:: Your instructions ::
Only the lines from the one with "Verpackungskarton, Zubehör zu" to the end of the listing below should be set down, exactly as written and without any pictures.

:: Data block ::
--------------------------------
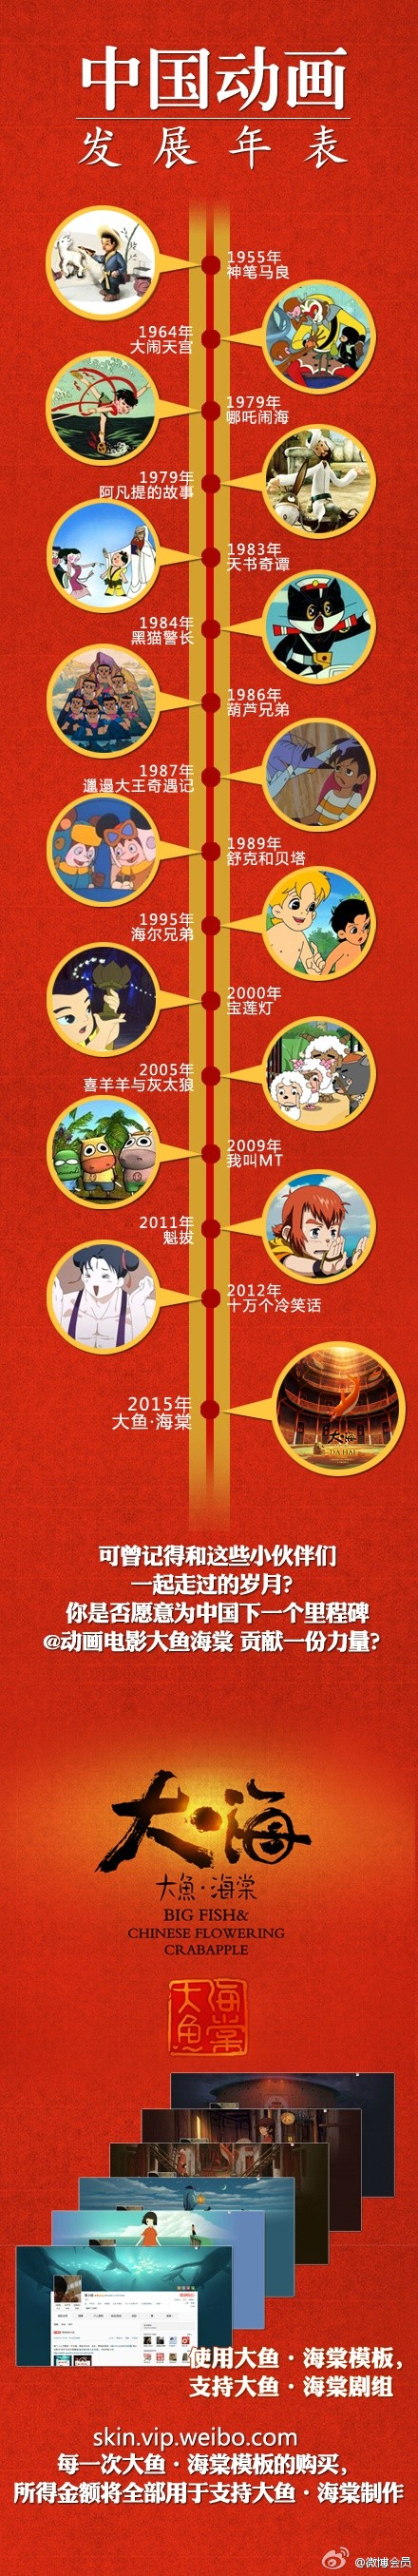 中国动画发展年表
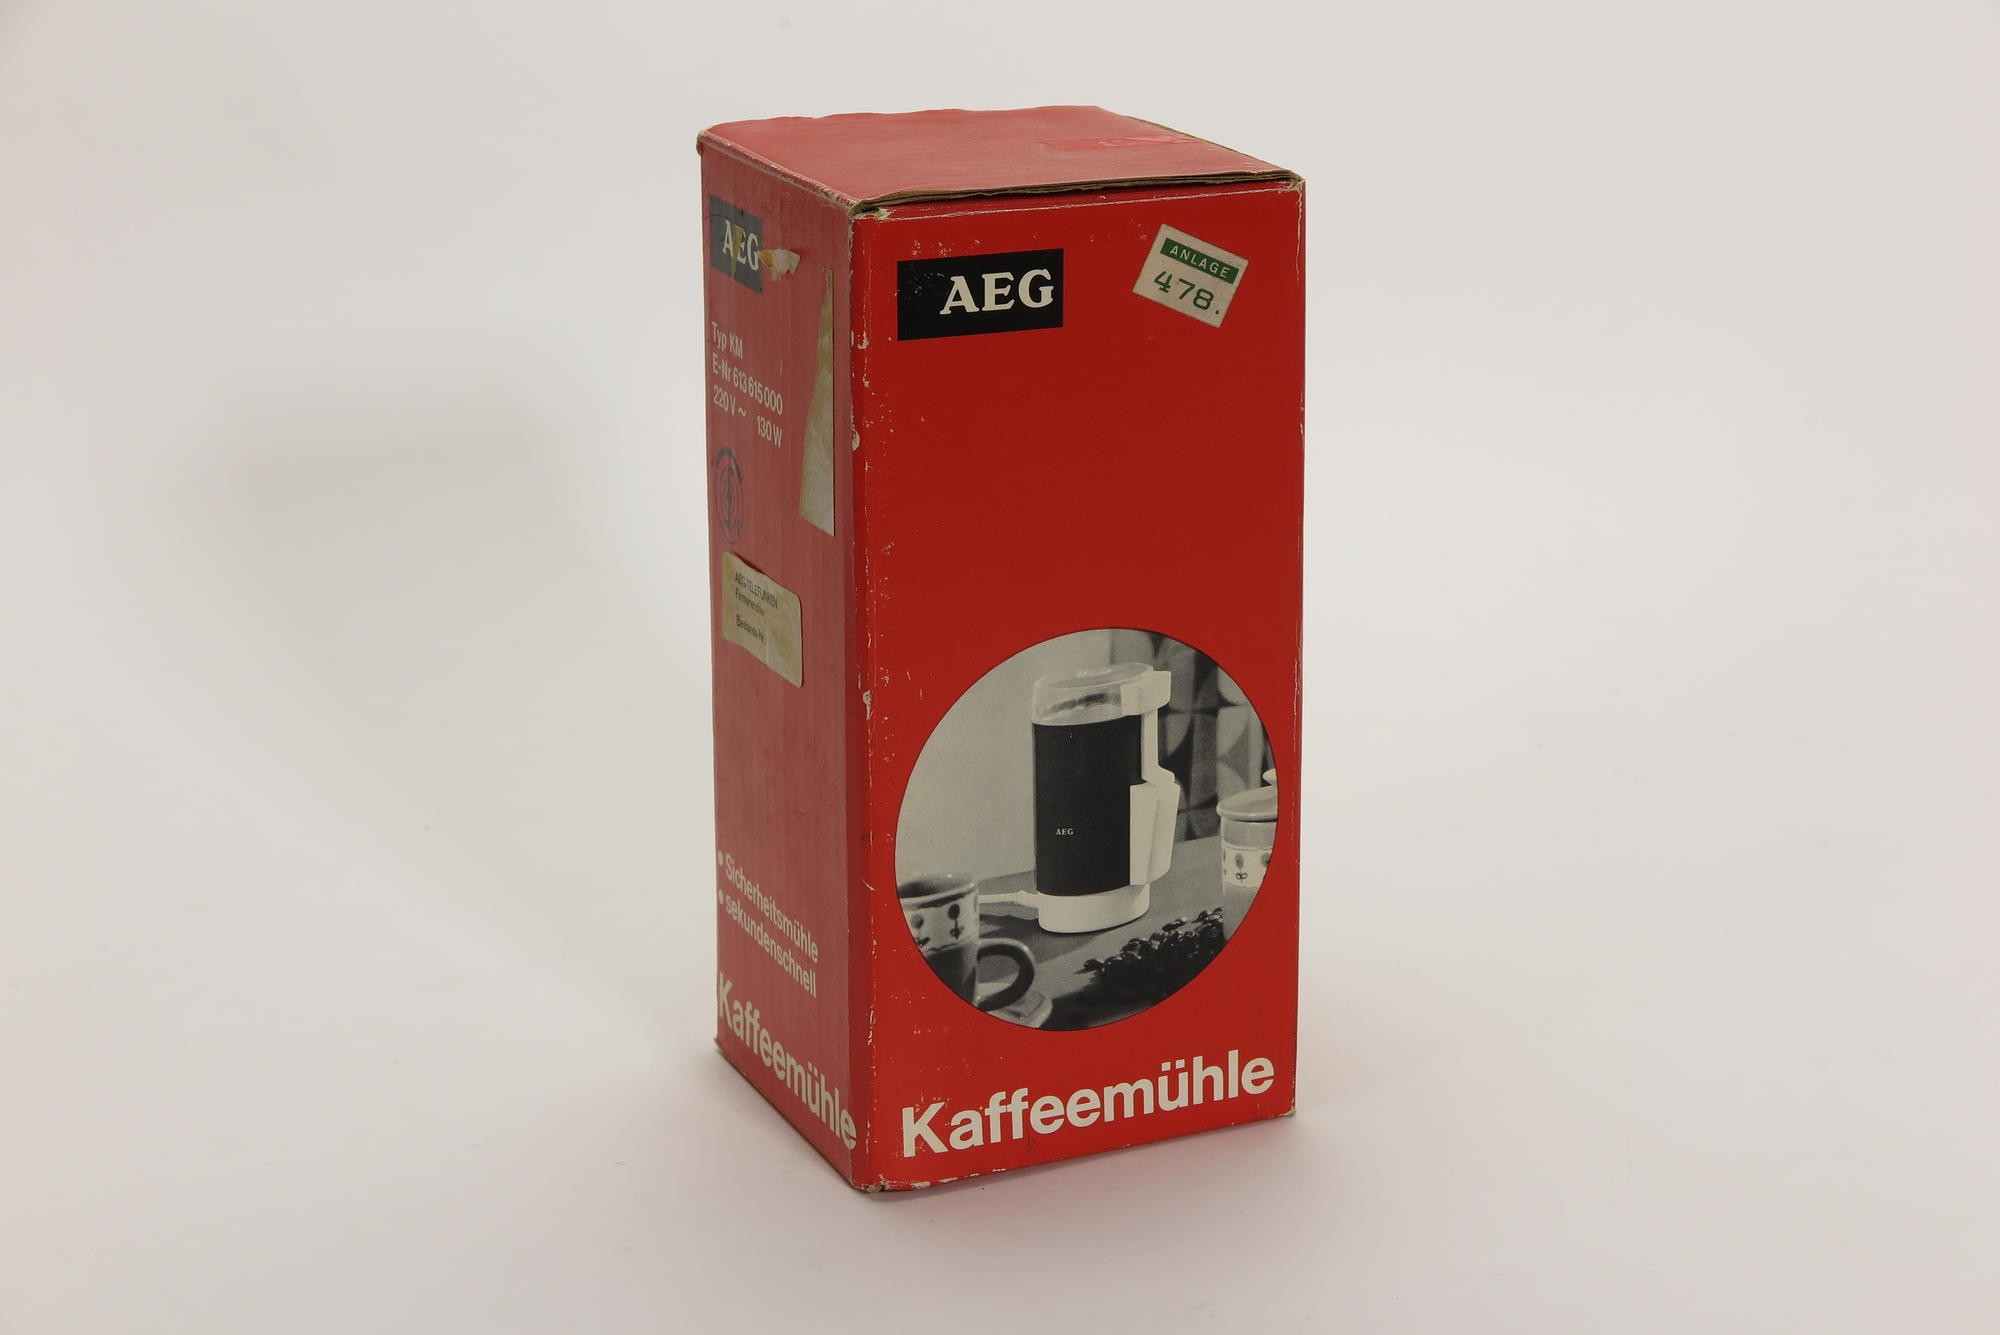 Verpackungskarton, Zubehör zu Elektrische Kaffeemühle AEG Typ KM (Stiftung Deutsches Technikmuseum Berlin CC0)
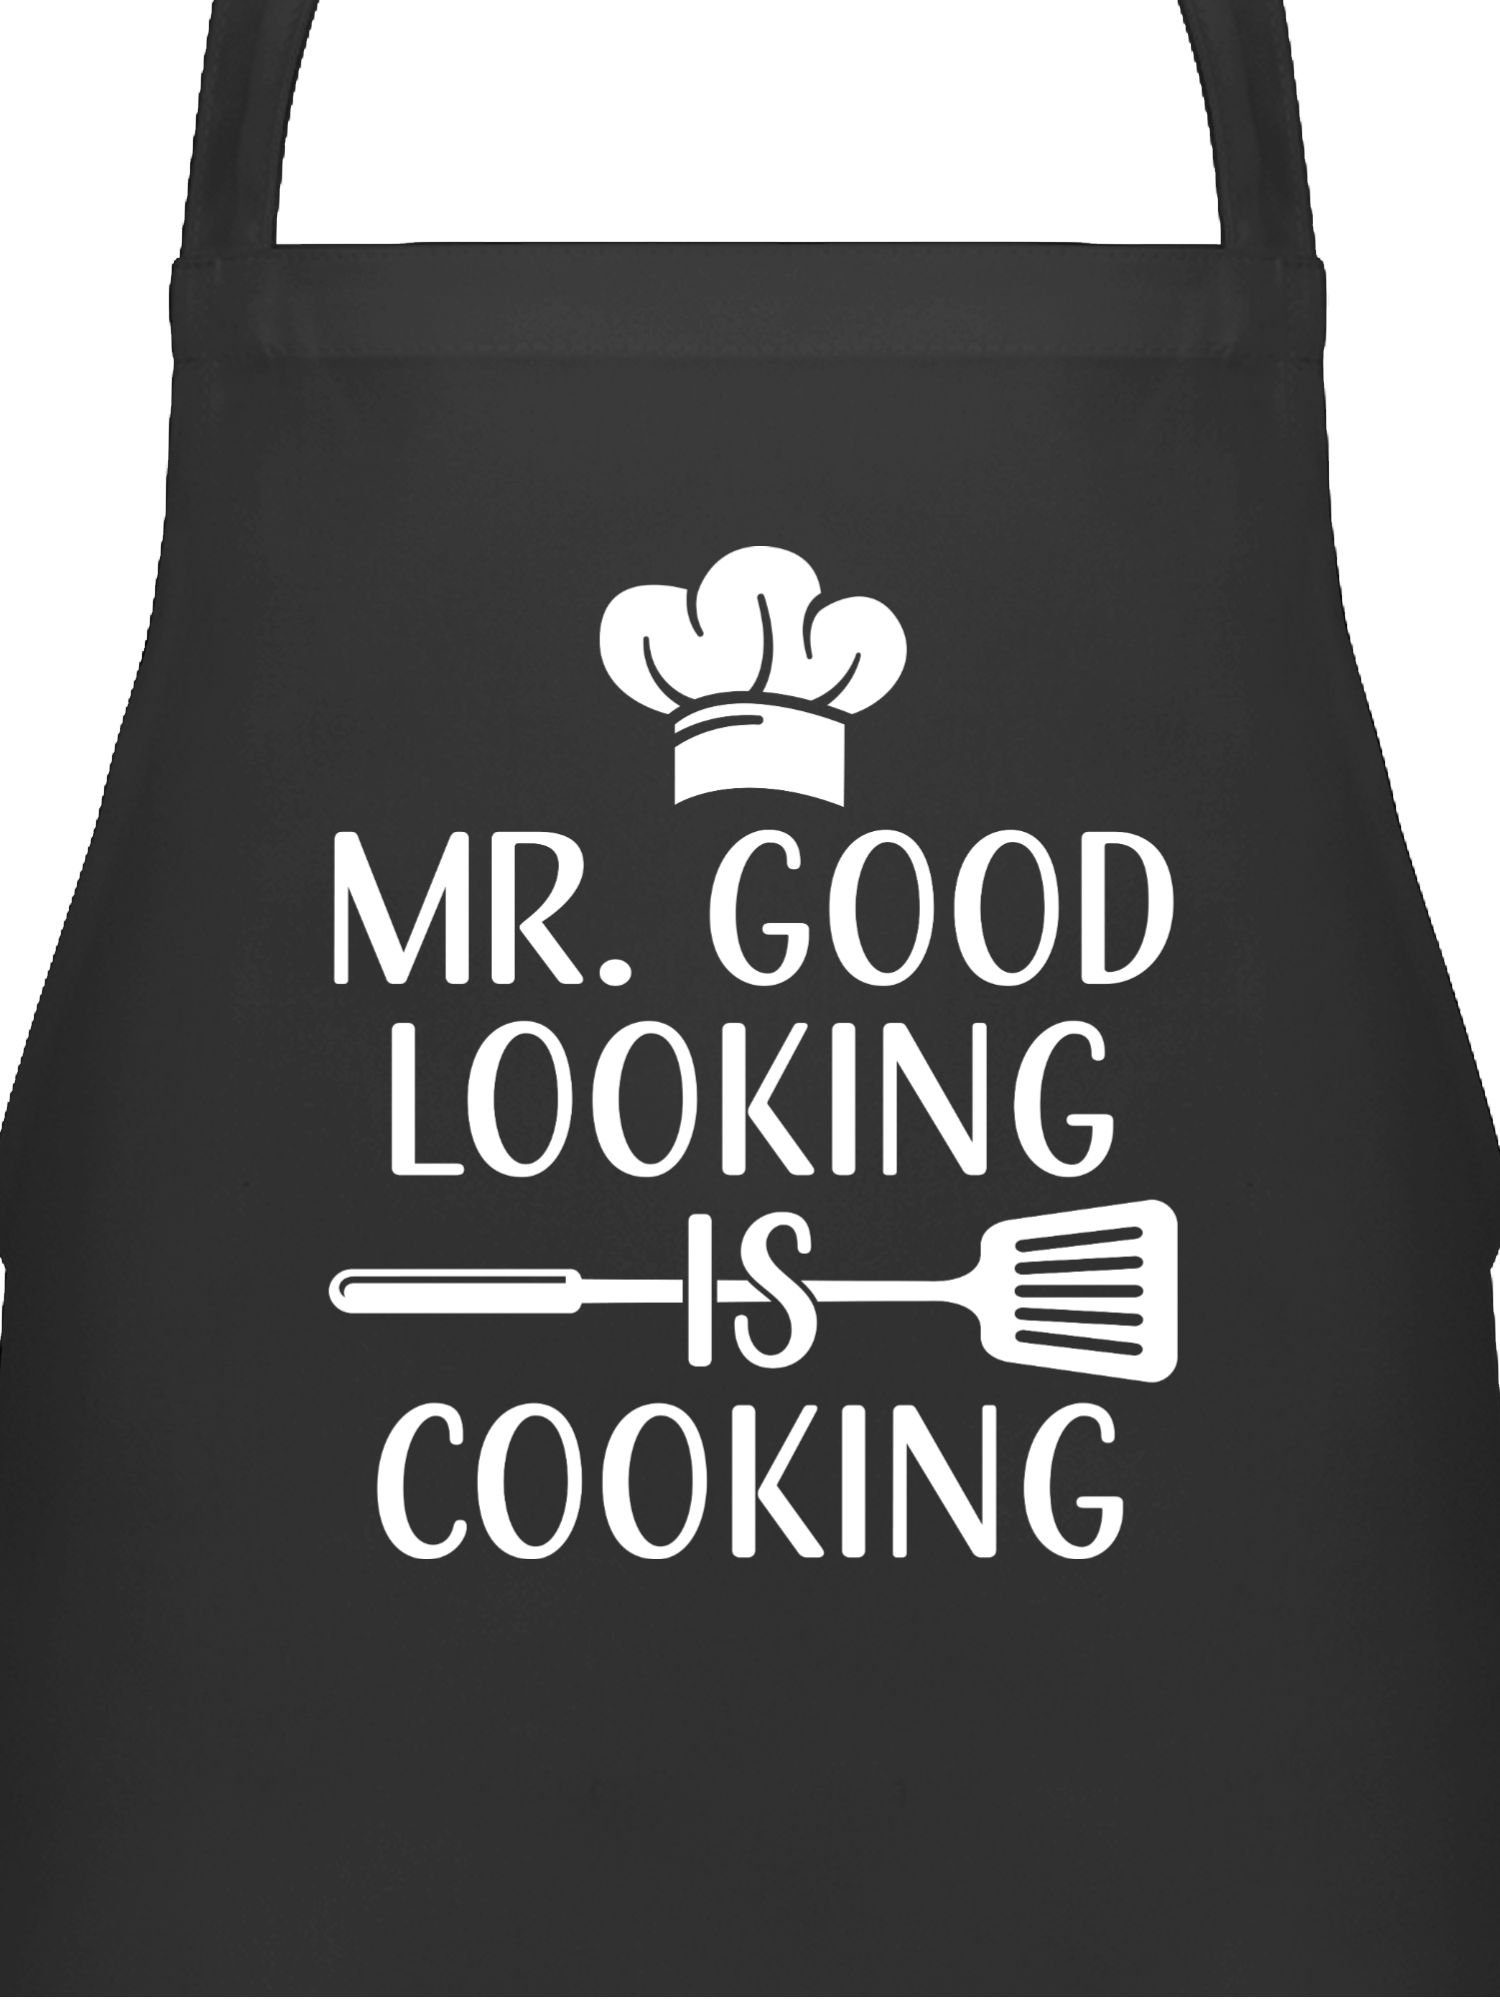 Shirtracer Kochschürze Mr. Good looking is cooking - Männergeschenke Weihnachten Männer Gesch, (1-tlg), Kochschürze Herren Männer
--------------------------------
:: Output of the task ::
 Verpackungskarton, Zubehör zu Elektrische Kaffeemühle AEG Typ KM (Stiftung Deutsches Technikmuseum Berlin CC0)
 Shirtracer Kochschürze Mr. Good looking is cooking - Männergeschenke Weihnachten Männer Gesch, (1-tlg), Kochschürze Herren Männer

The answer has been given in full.